* **What you need to do**:
Write the data out again exactly, with every picture removed.

* **Data excerpt**:
====

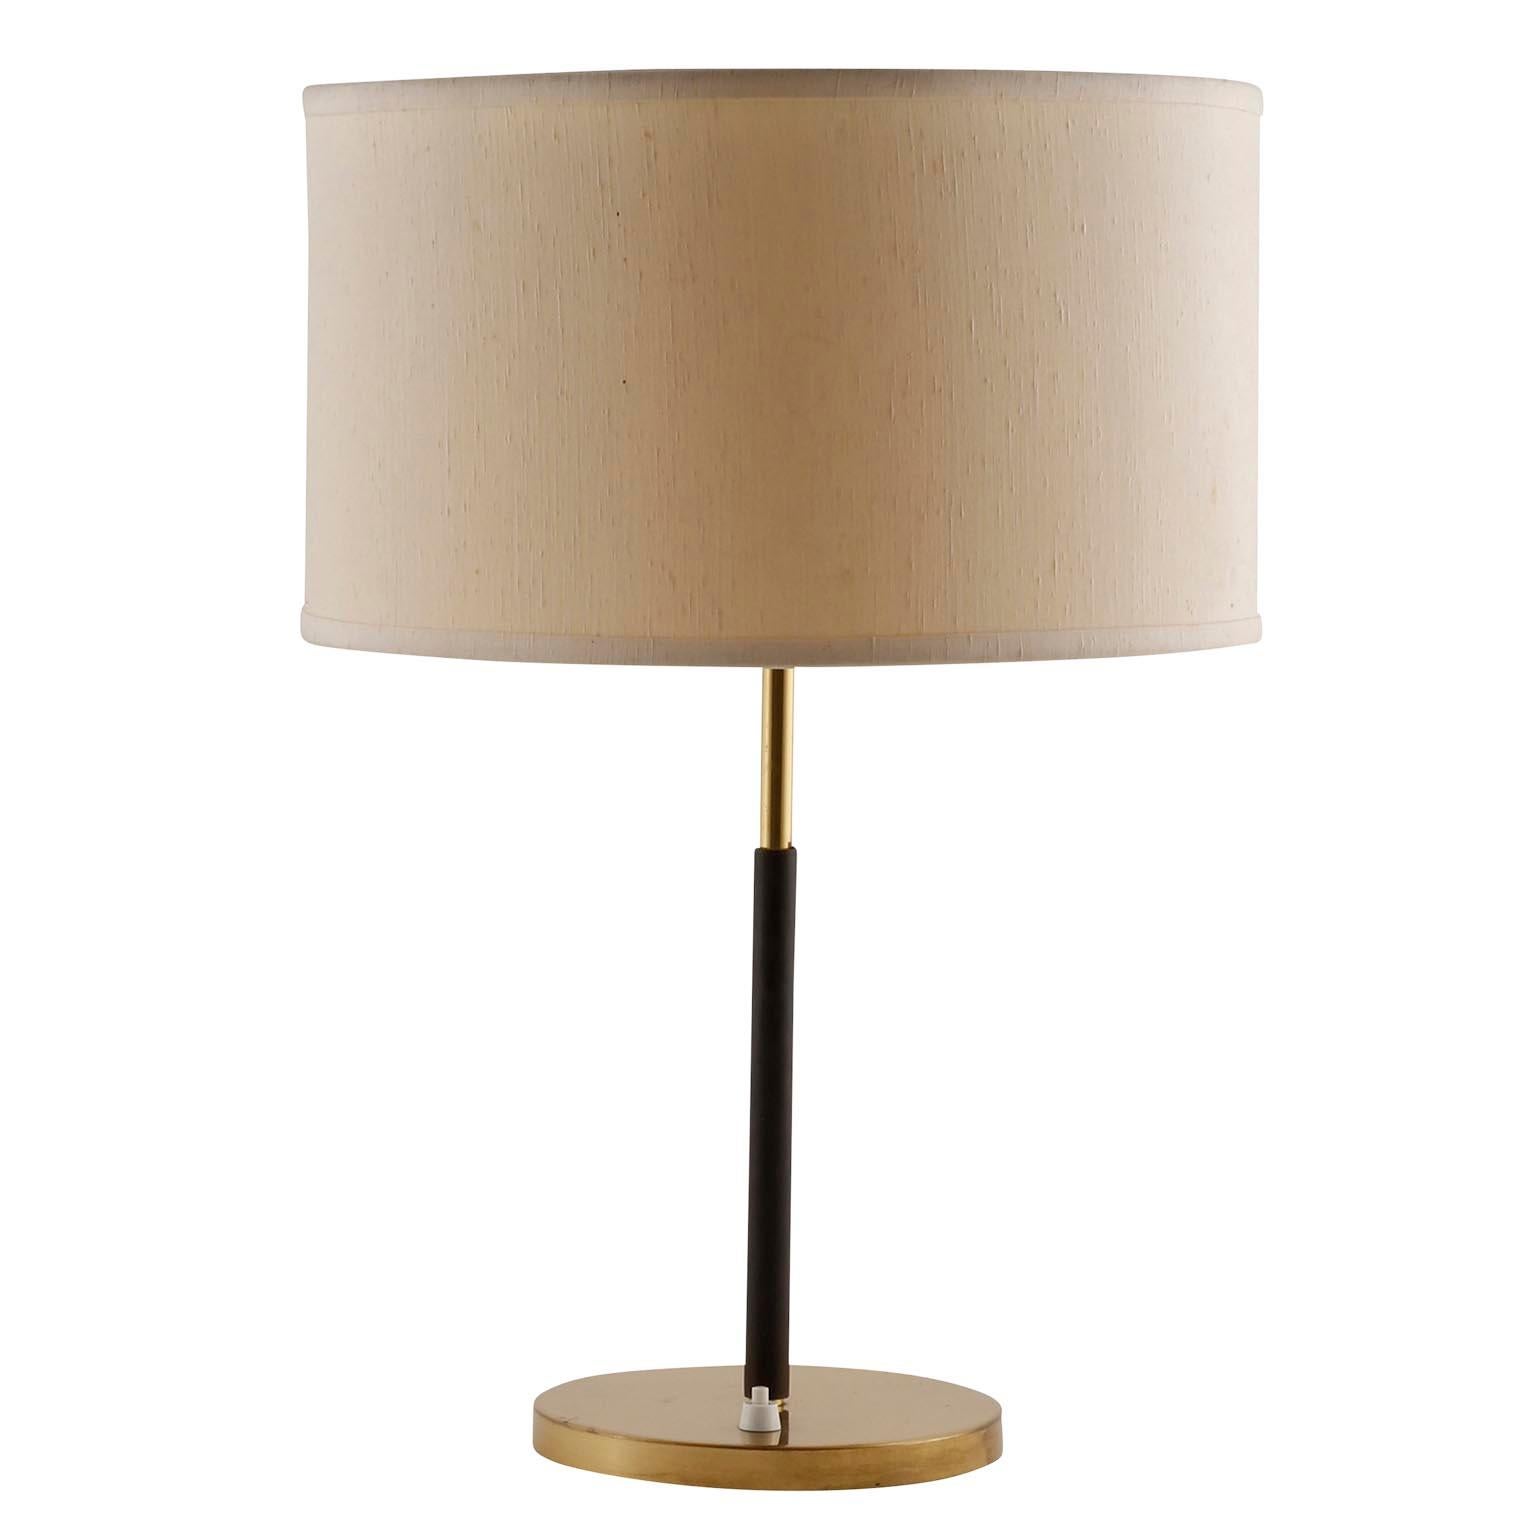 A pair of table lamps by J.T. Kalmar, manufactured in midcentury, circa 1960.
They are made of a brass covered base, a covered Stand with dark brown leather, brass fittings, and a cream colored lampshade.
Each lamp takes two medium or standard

====

* **Expected answer**:
 A pair of table lamps by J.T. Kalmar, manufactured in midcentury, circa 1960.
They are made of a brass covered base, a covered Stand with dark brown leather, brass fittings, and a cream colored lampshade.
Each lamp takes two medium or standard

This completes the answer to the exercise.